To determine the subclass of ThSOS genes, a phylogenetic analysis was performed using the sequences of ThSOS and SOS proteins from other species (Fig. 1A; Tab.S1). The results revealed that ThSOS1, 2, 3 genes were closely related to the SOS1, 2, 3 subfamilies of Arabidopsis. ThSOS3 belonged to the SOS3 (CBL4) subfamily, being clustered into the same clade with PtrSOS3, MnSOS3 and AtSOS3. Multiple sequence alignment analysis showed that ThSOS3 was closely related to PtrSOS3 (XP-002318422.1) from P. trichocarpa, MnSOS3 (XP-010100753.1) from Morus notabilis and AtSOS3-1 (AT5G24270) from Arabidopsis thaliana (Fig. 1B).

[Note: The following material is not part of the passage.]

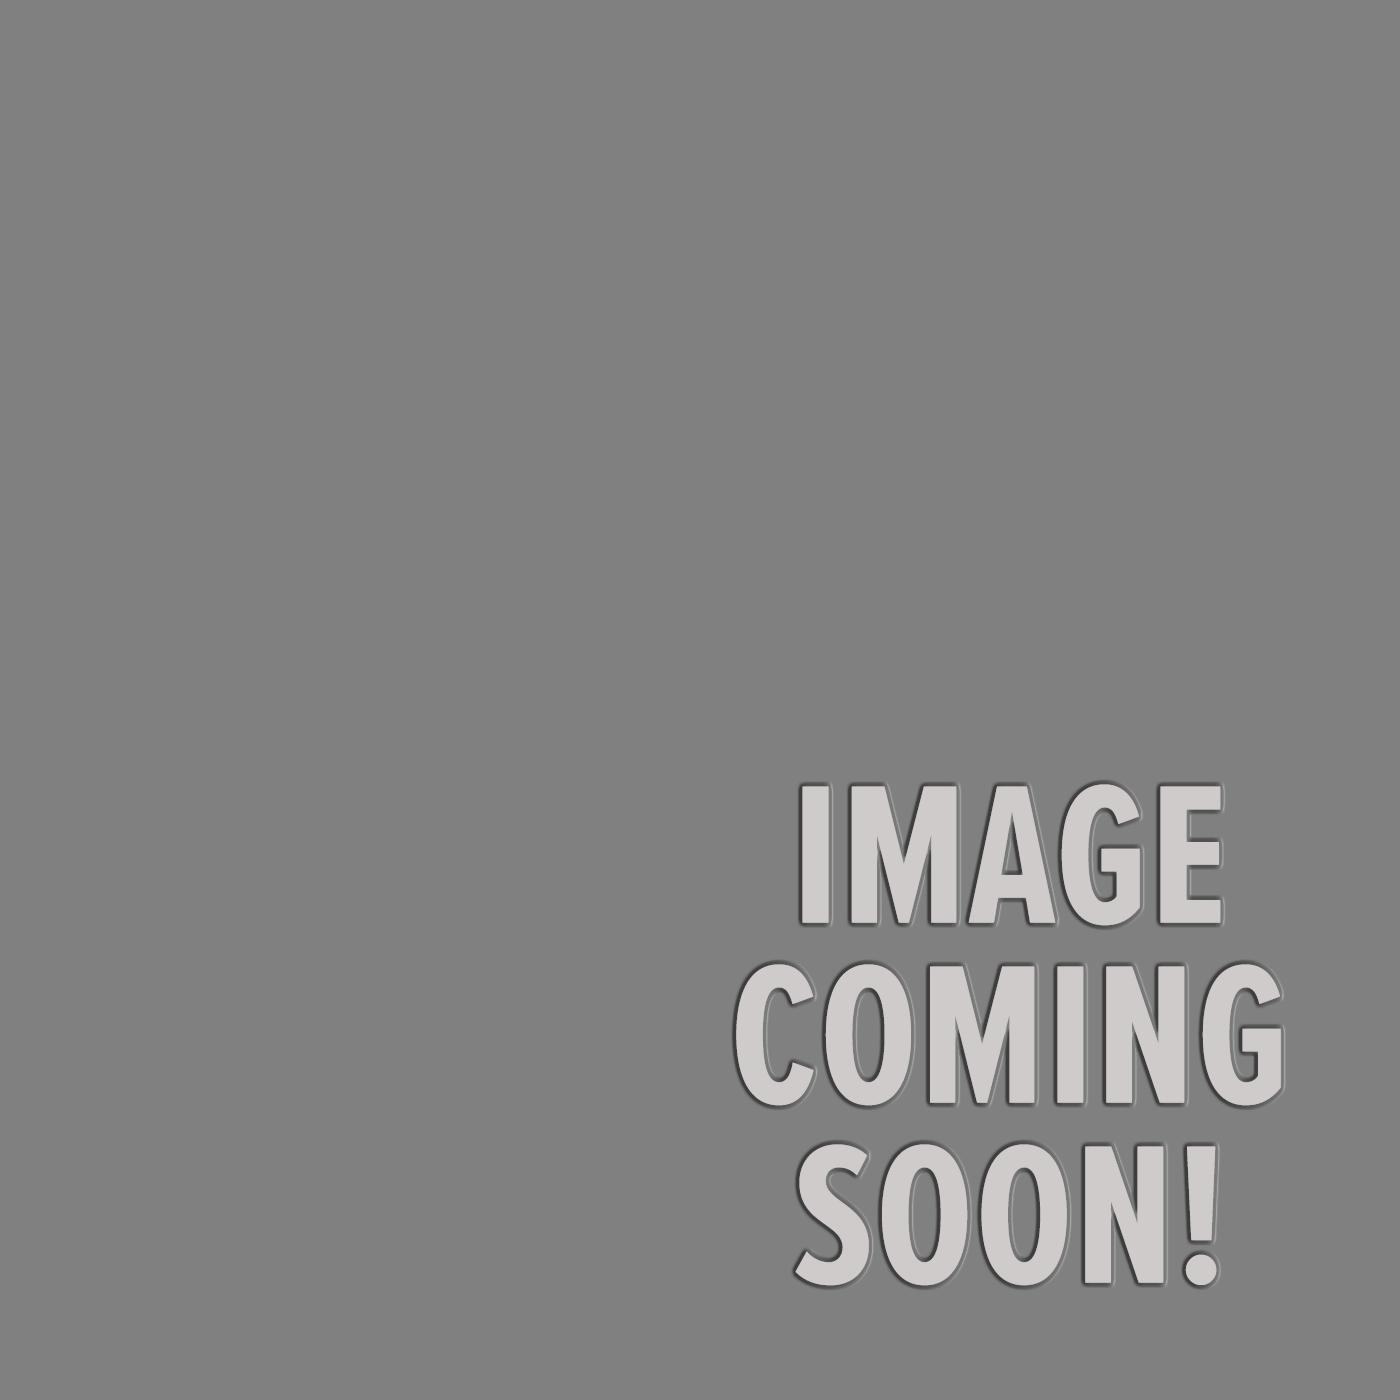 Special Extended Financing On Kramer at SamAsh.com

Characterization of cis-elements in ThSOS gene promoters
The upstream sequence ~2 kb promoter regions of each of the 3 ThSOS genes were cloned and used to identify the cis-elements using the PlantCARE database. Numerous stress related consensus cis-acting elements were detected, including abscisic acid responsiveness (ABRE), antioxidant response element (ARE) and TC-rich repeats. Moreover, ThSOS1 included one abiotic stress related element, MYB binding site (MBS); nine hormone stress related elements, such as salicylic acid responsiveness element (TCA-element), MeJA-responsiveness element (CGTCA-motif or TGACG-motif), gibberellin-responsiveness element (TATC-box), and auxin-responsiveness element (TGA-element); and one development related endosperm expression element (GCN4-motif). ThSOS3 contained MBS and LTR abiotic stress response elements, consisting of 5 hormone stress related elements, auxin-responsive elements (TGA-element or AuxRR-core) and salicylic acid responsiveness elements (TCA-element). Similarly, ThSOS4 contained many abiotic stress and hormone stress related elements, specifically as shown in Fig. 2. This result indicated that ThSOS might be involved in stress responses (abiotic stresses and hormone treatment) as well as plant development.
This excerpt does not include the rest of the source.